- What to produce
Once you find the line with "Bride Wars Movie", transcribe it and all the lines that follow to the end of the data, exactly as written; skip any pictures.

- Raw data
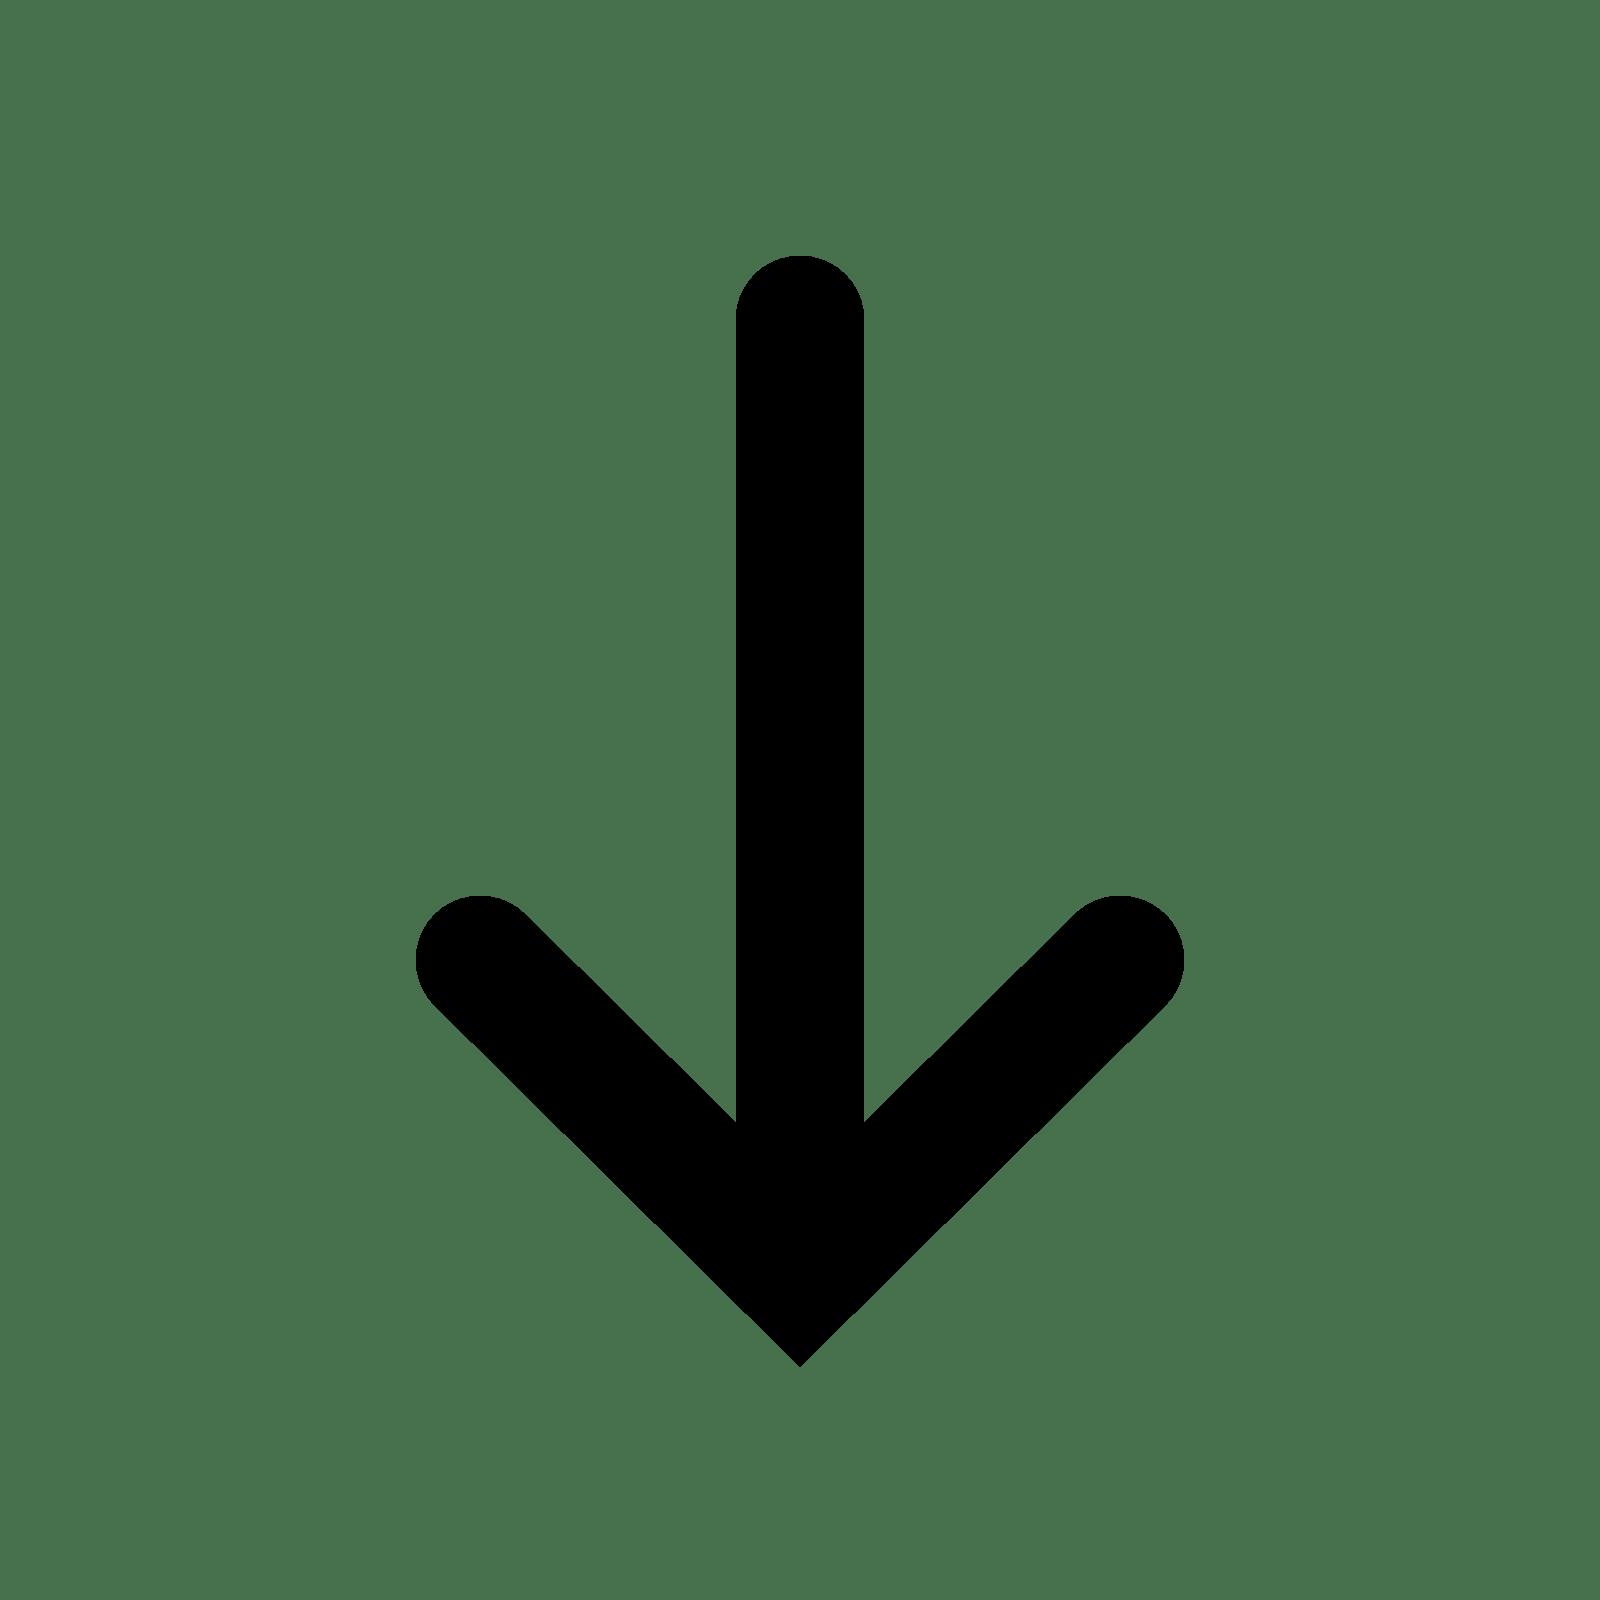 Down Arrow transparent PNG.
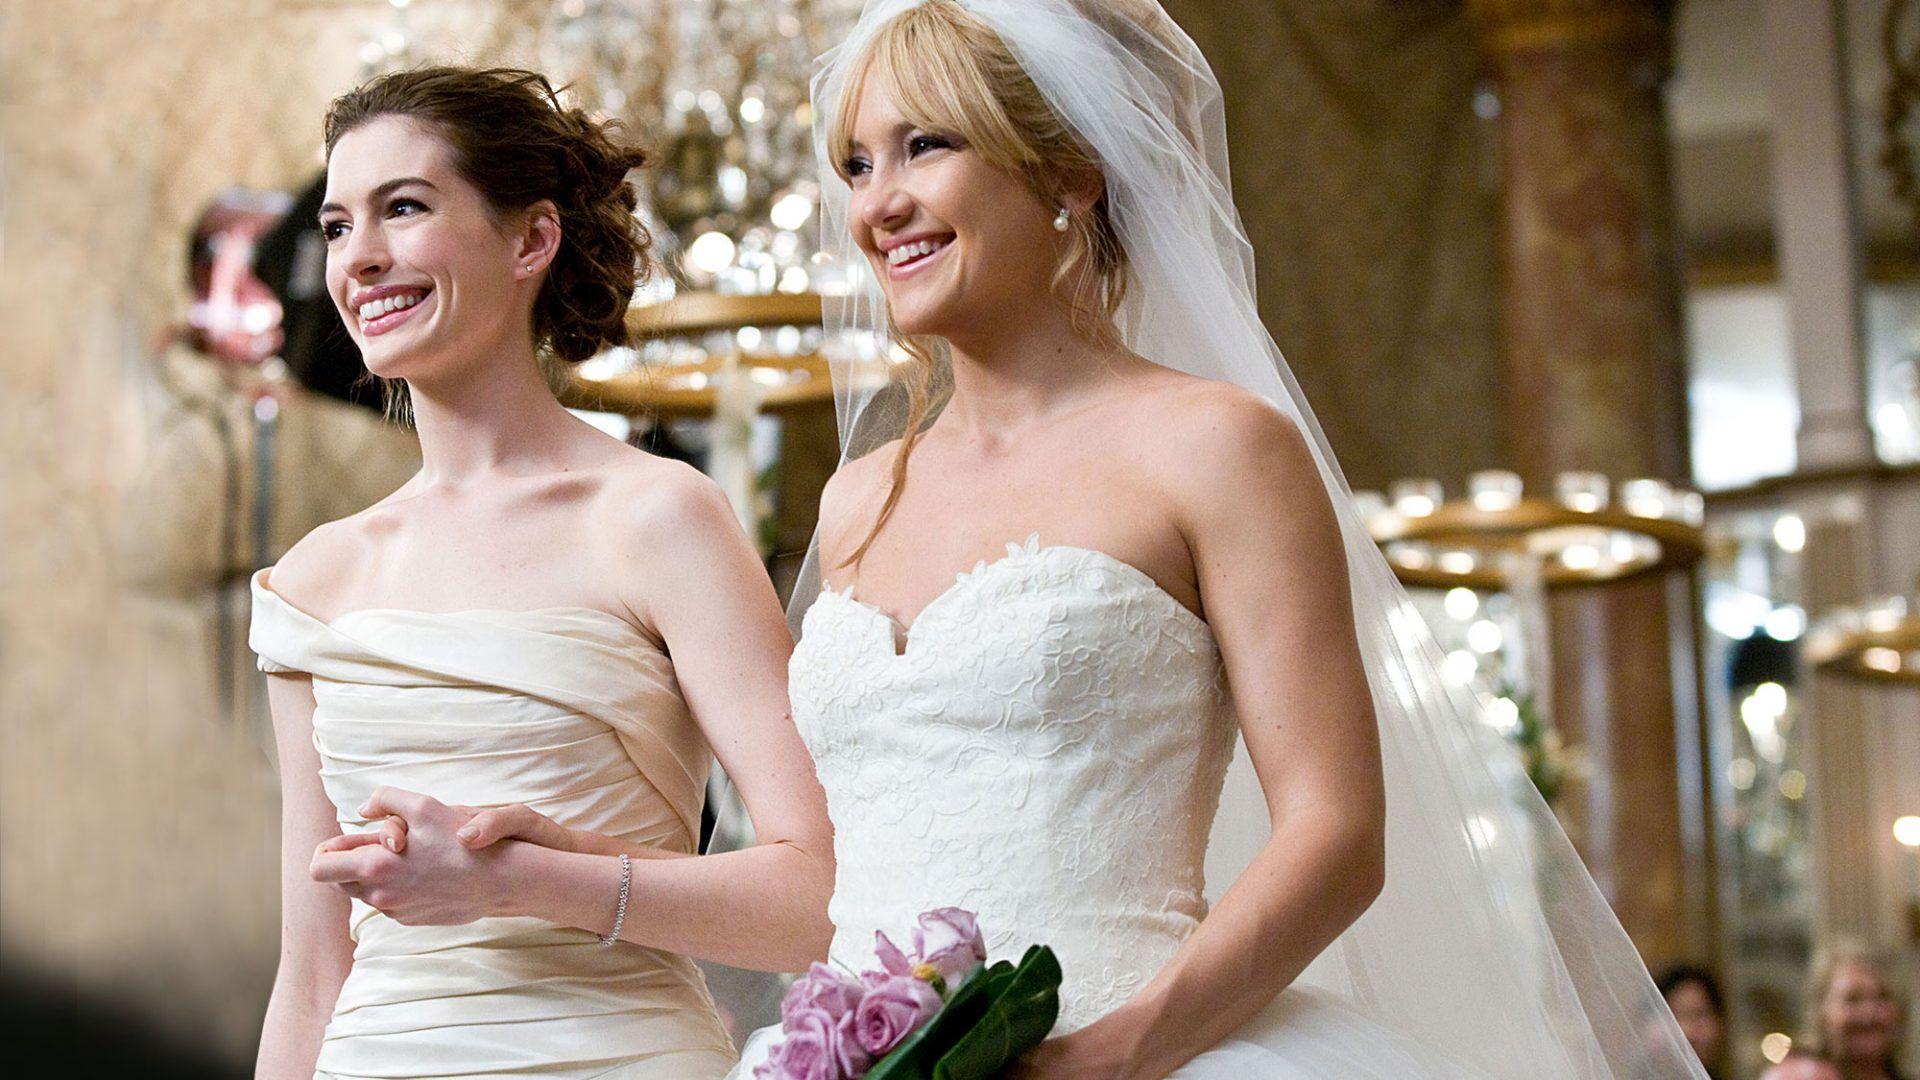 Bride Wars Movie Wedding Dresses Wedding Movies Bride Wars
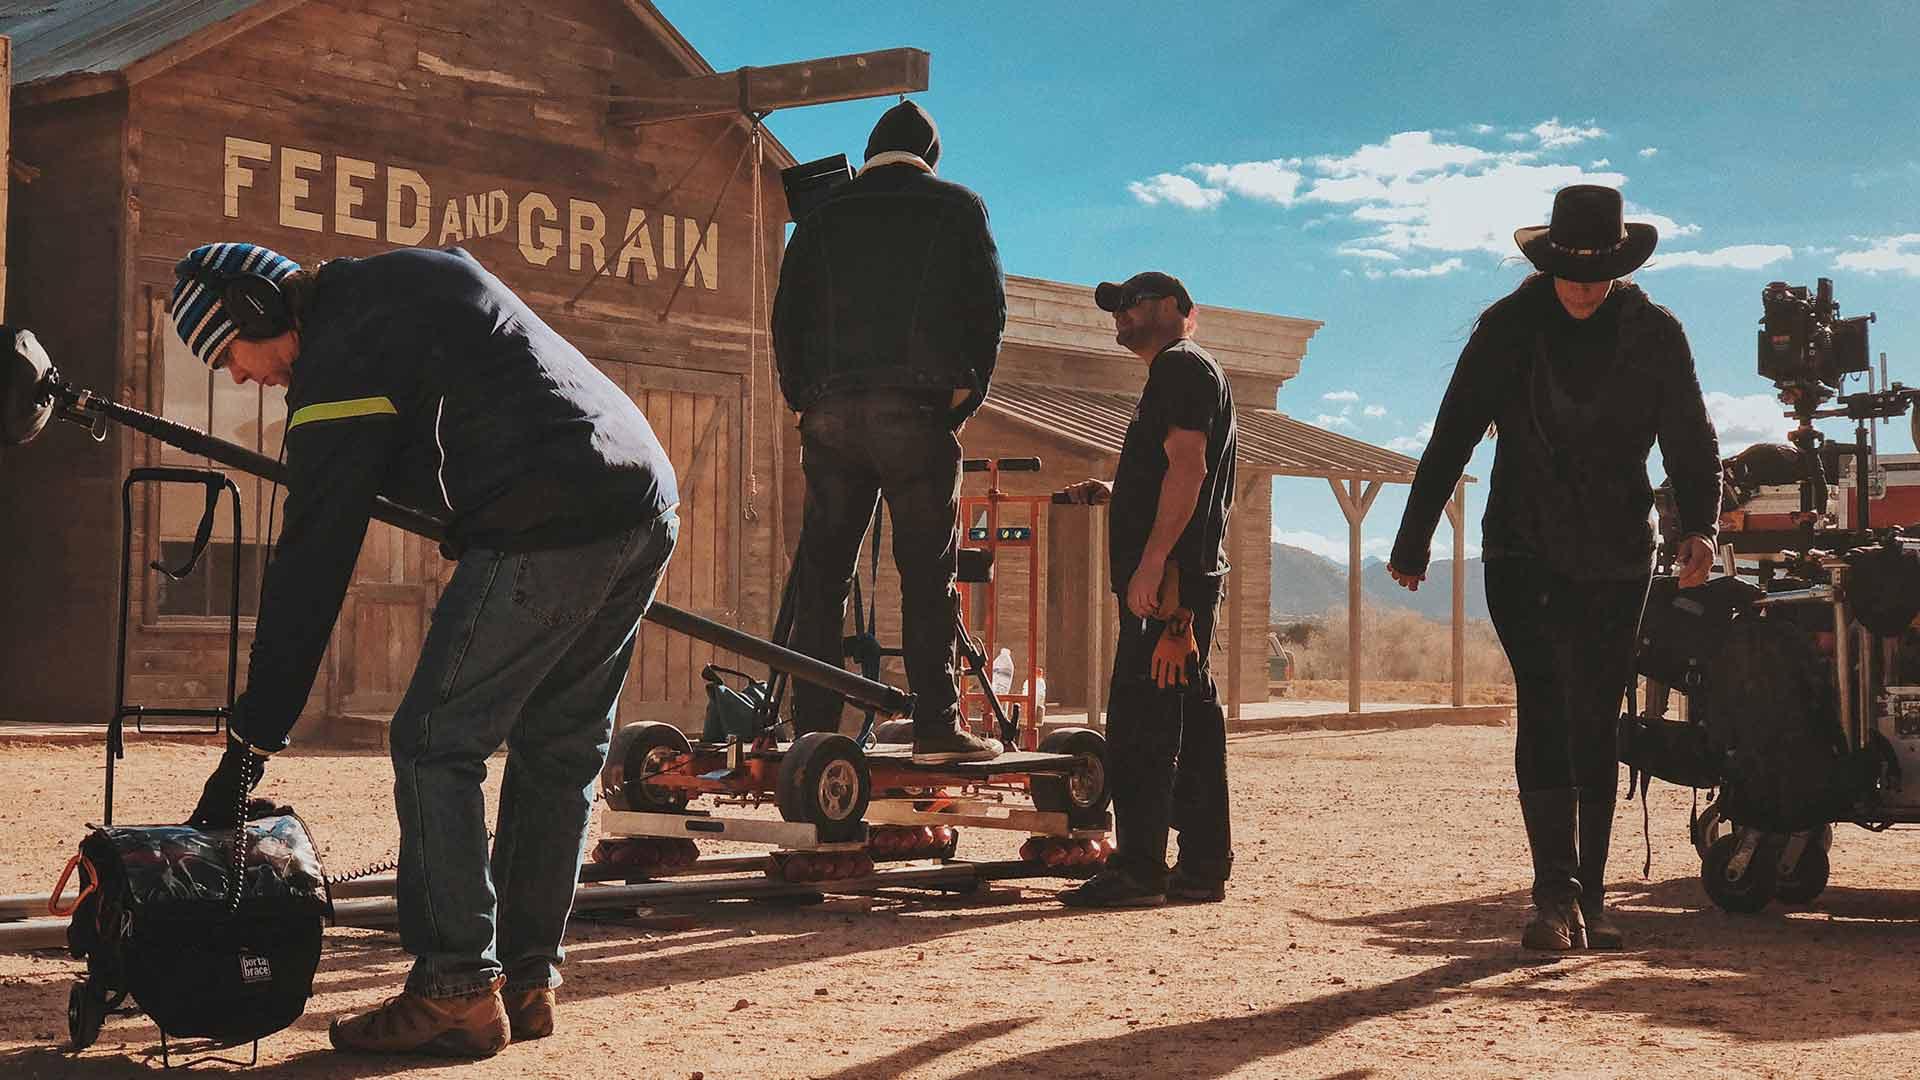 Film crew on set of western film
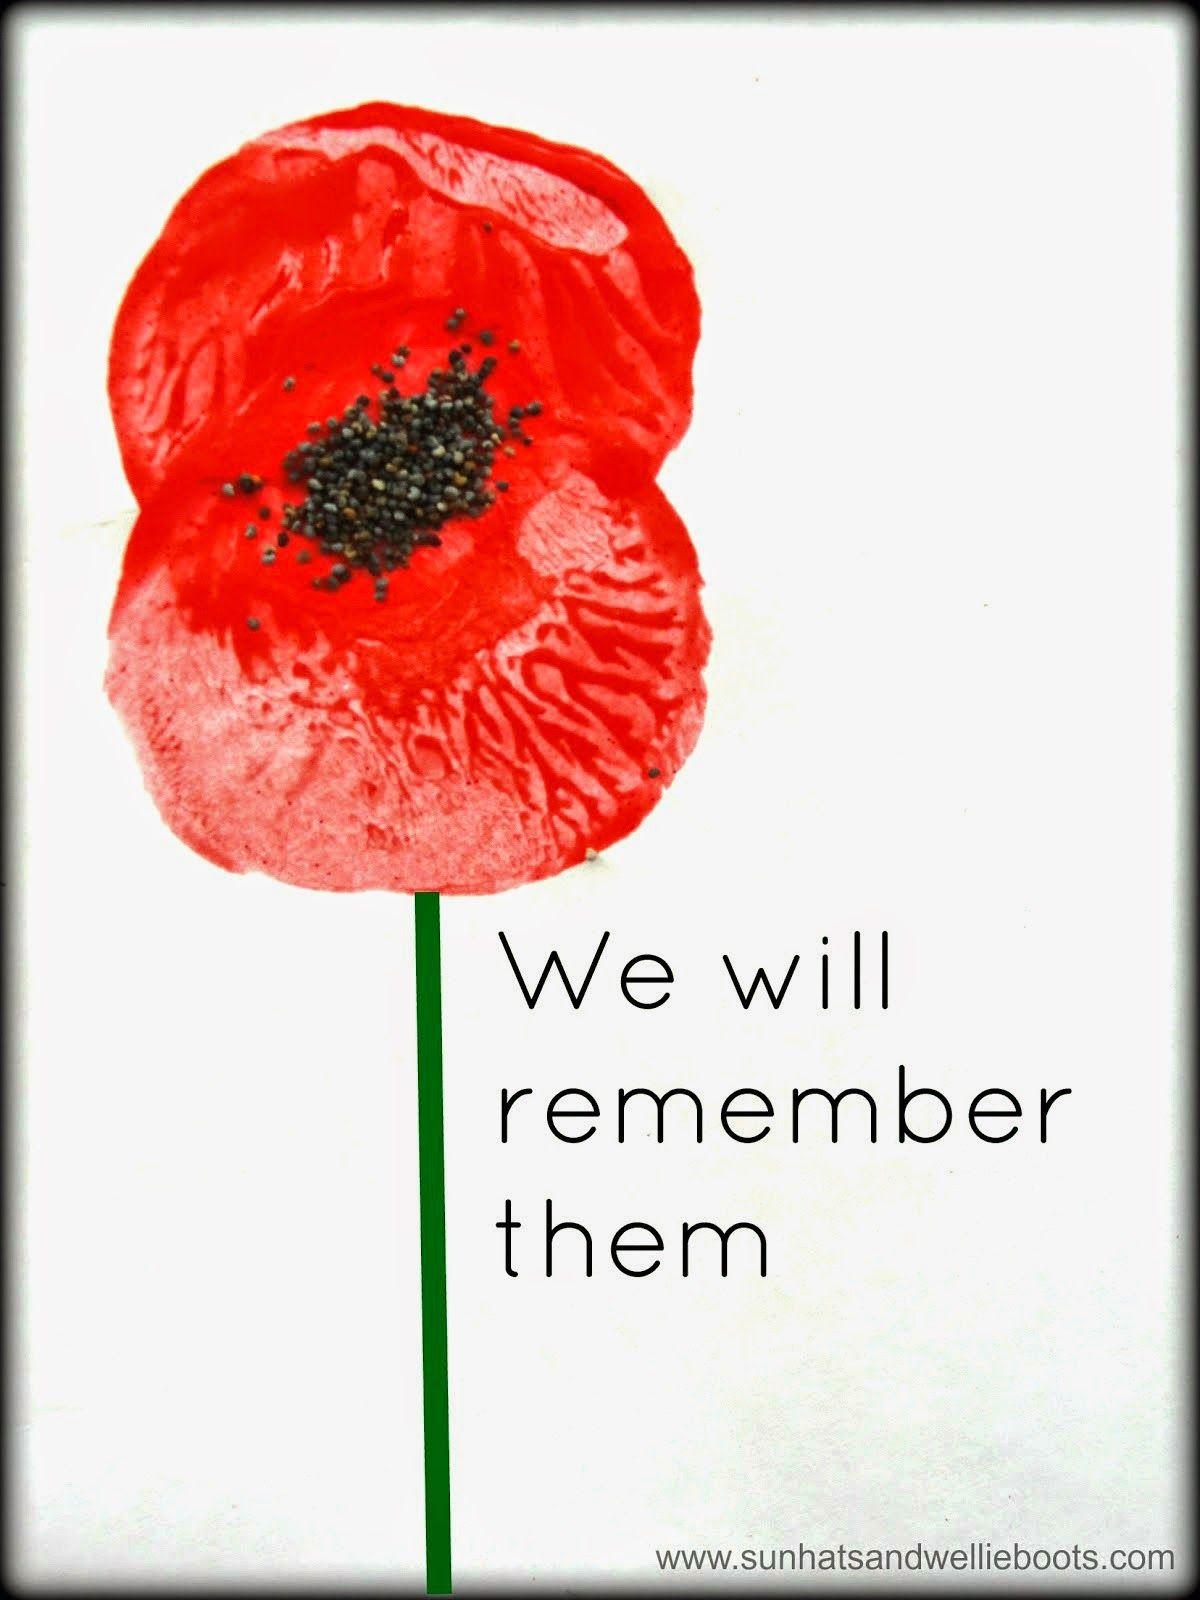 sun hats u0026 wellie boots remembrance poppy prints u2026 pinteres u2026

- Result of the exercise
 Bride Wars Movie Wedding Dresses Wedding Movies Bride Wars
 Film crew on set of western film
 sun hats u0026 wellie boots remembrance poppy prints u2026 pinteres u2026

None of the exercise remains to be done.